■ Collected data ■
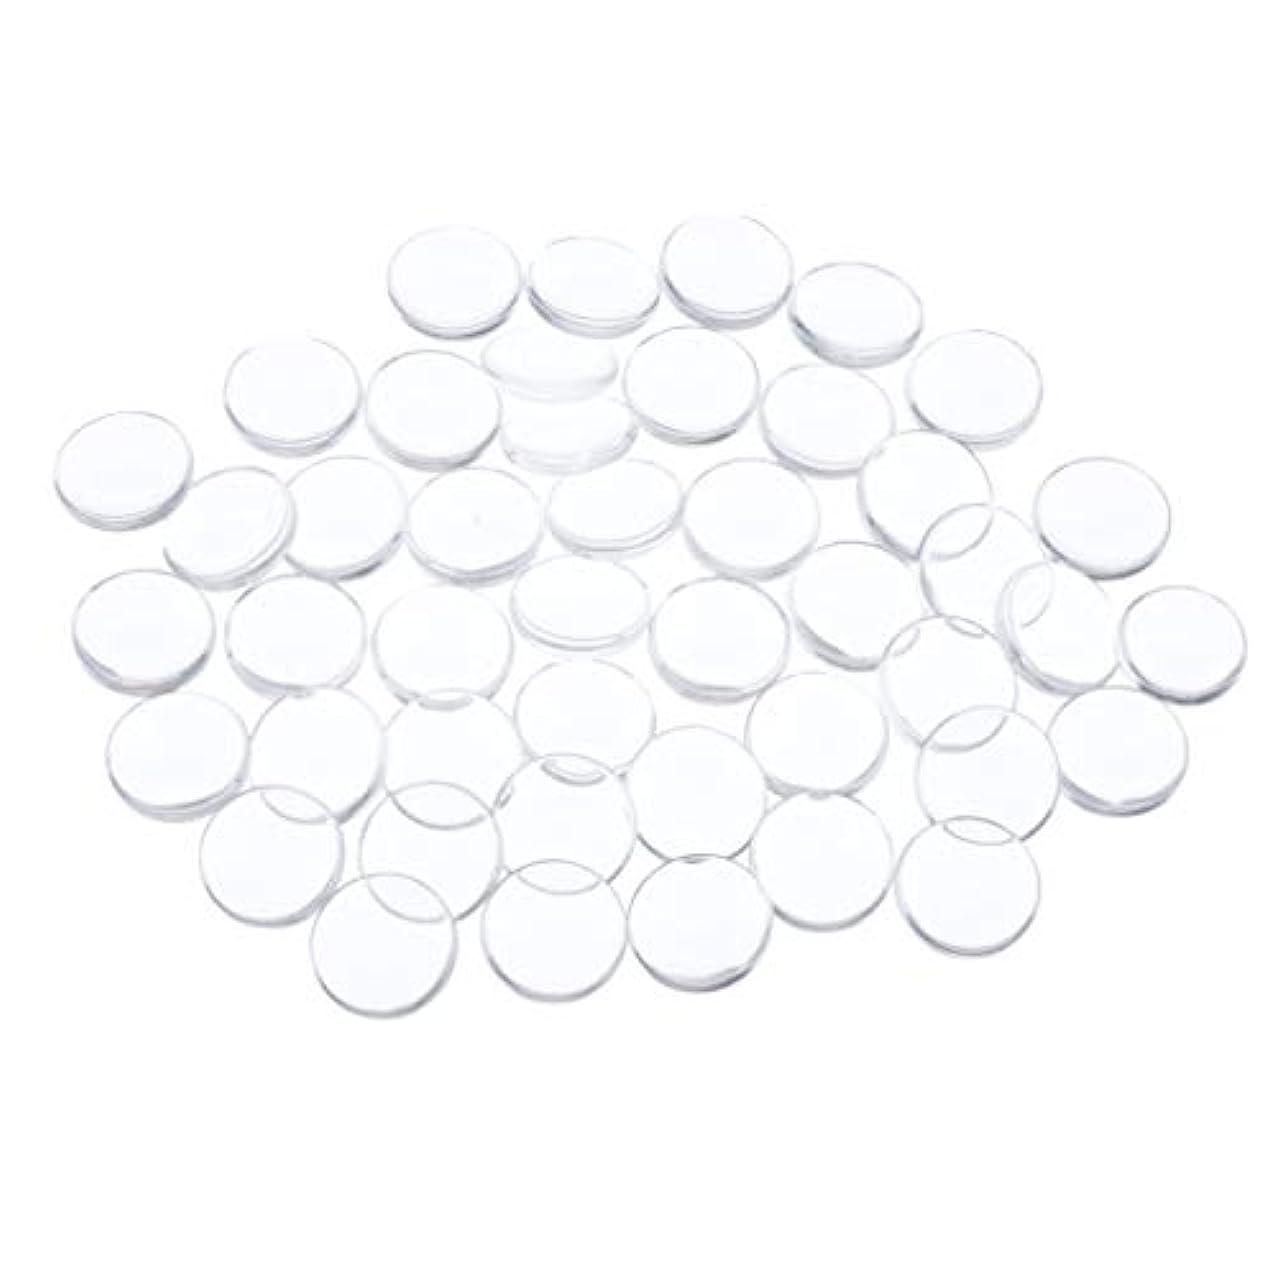 施設受け入れ五十Toygogo ネイルアート ネイルチップ クリア ネイルカラー ディスプレイ カード ネイル用品 全7種 - 円形
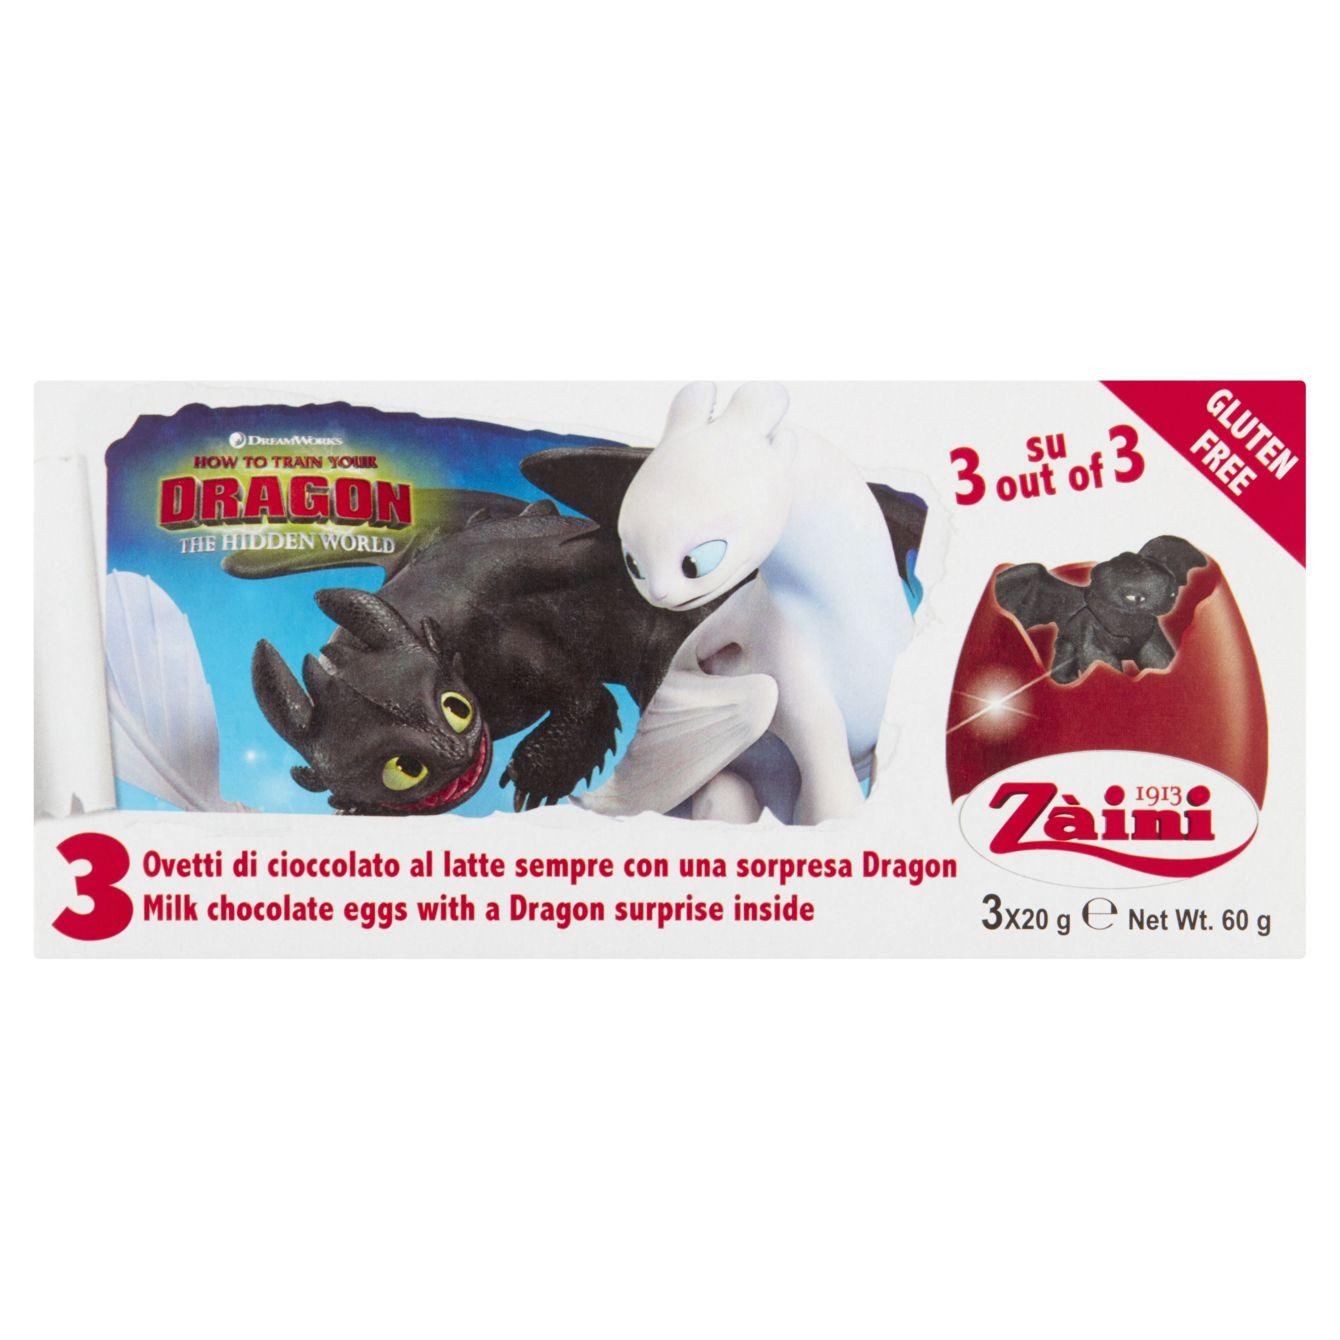 Zaini Chocolate Eggs Dragons 3-pack
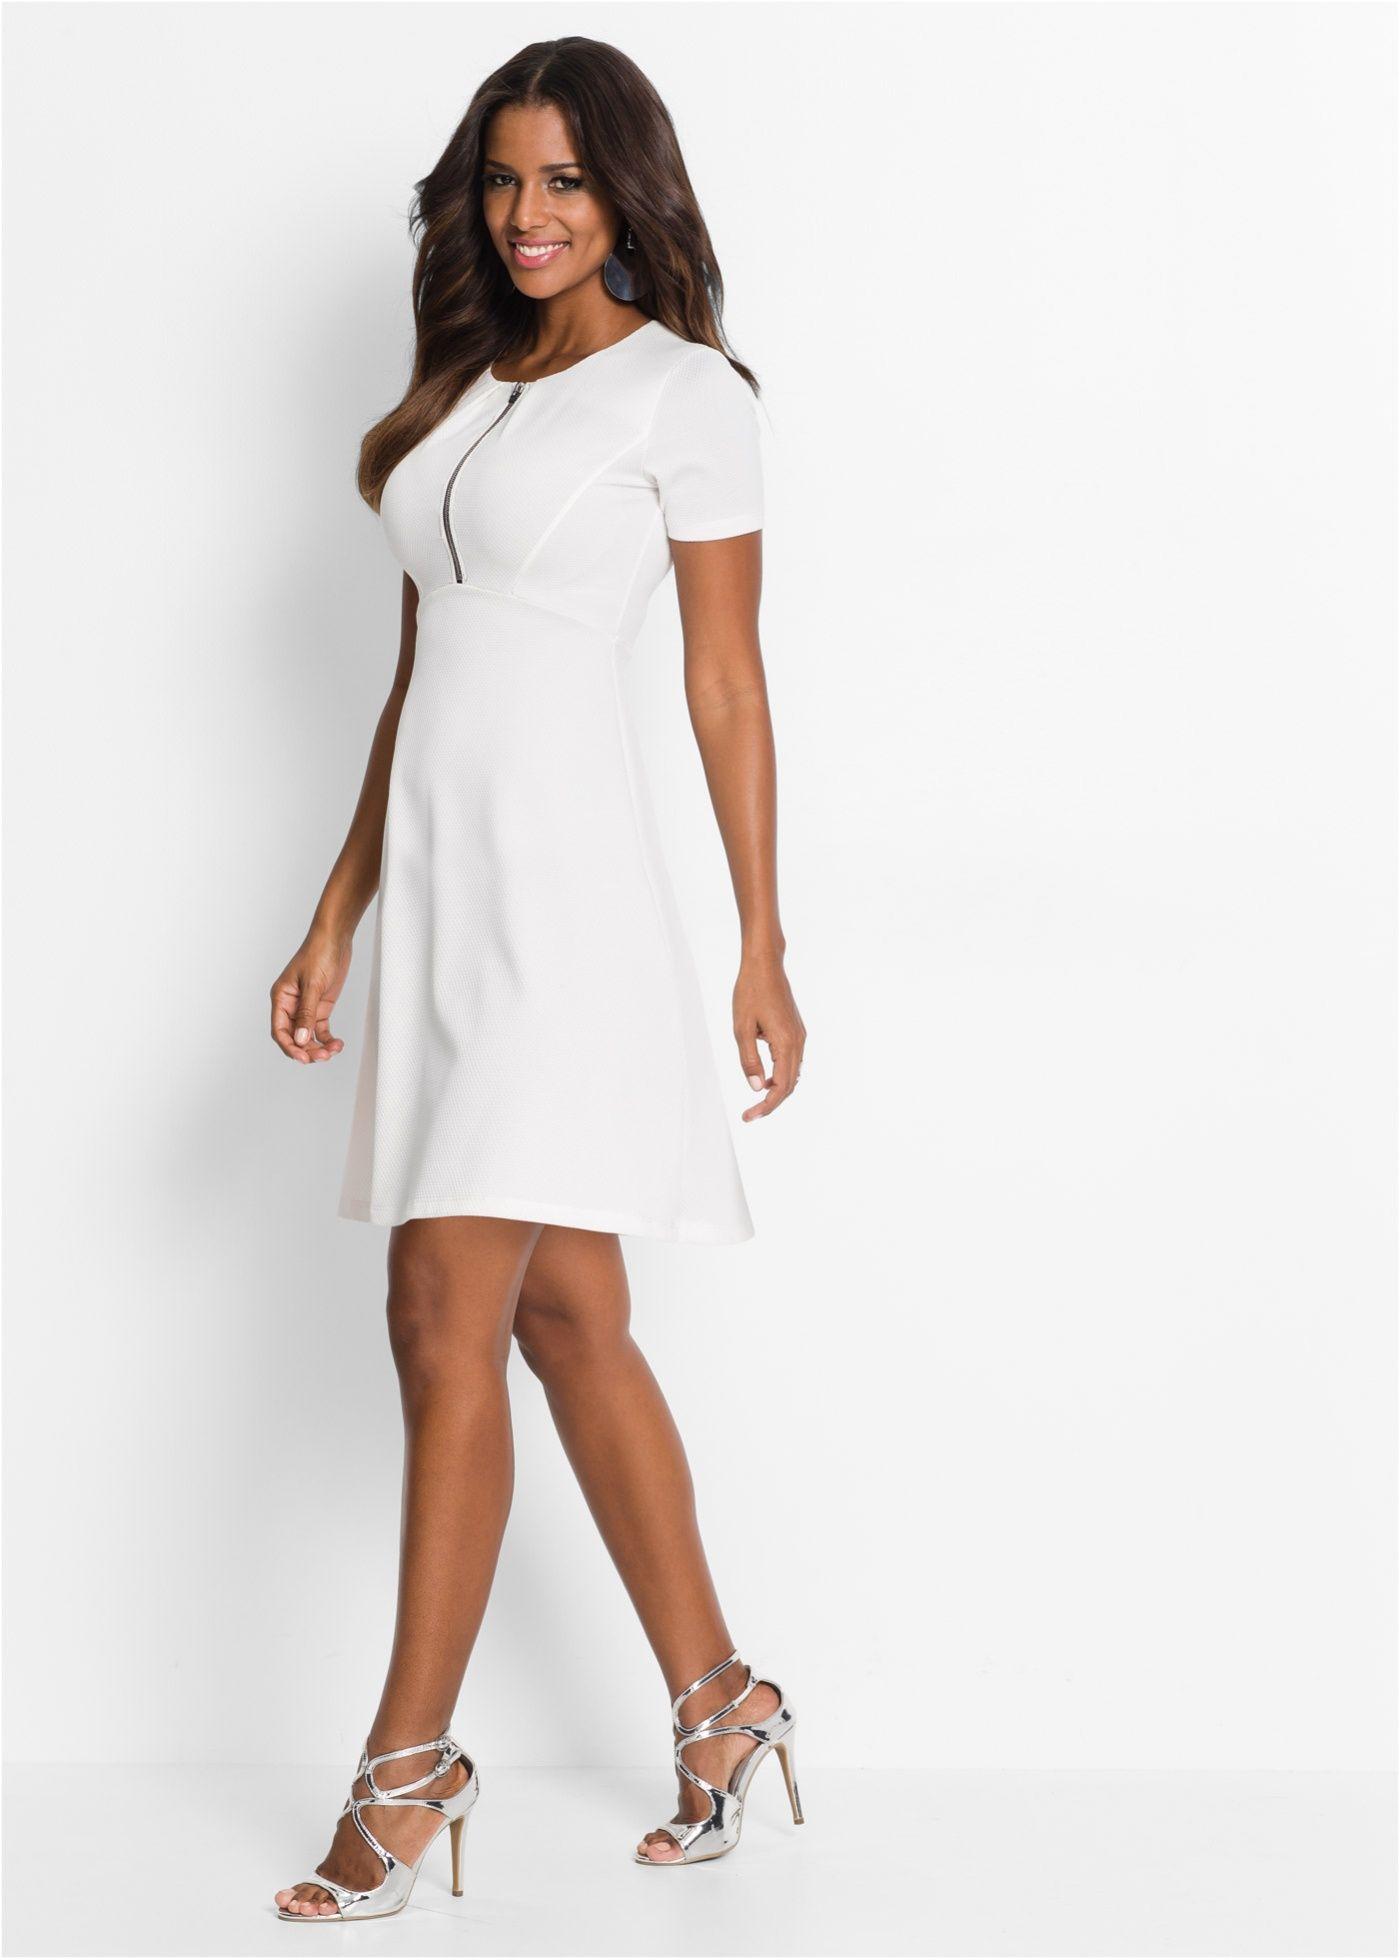 Kleid weiß - BODYFLIRT boutique jetzt im Online Shop von bonprix
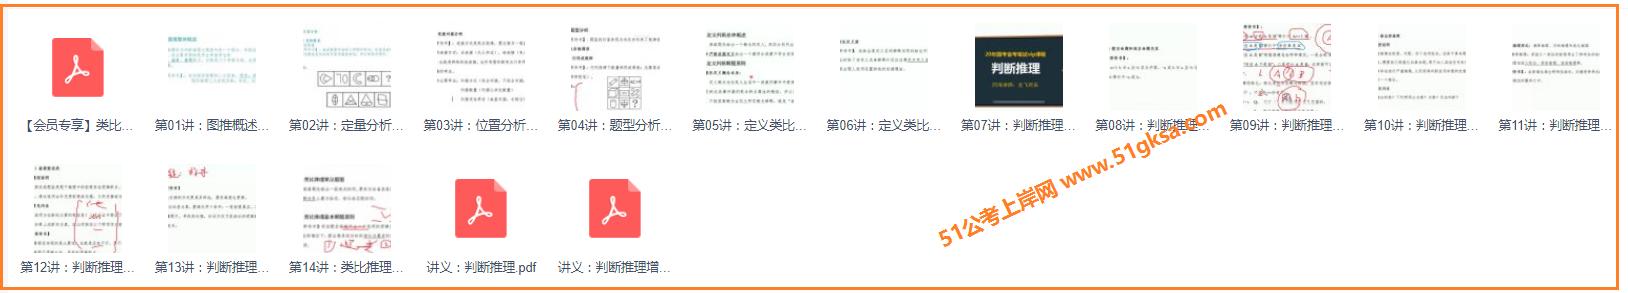 四海公考2020国考龙飞判断推理筑基班-51公考上岸网

■ Your objective ■
Reproduce the lines of the data that run from the one containing "Zaini Chocolate Eggs Dragons 3-pack" to the final line, both included, exactly as they appear and without the pictures.

■ Answer section ■
 Zaini Chocolate Eggs Dragons 3-pack
 Kleid weiß - BODYFLIRT boutique jetzt im Online Shop von bonprix
 四海公考2020国考龙飞判断推理筑基班-51公考上岸网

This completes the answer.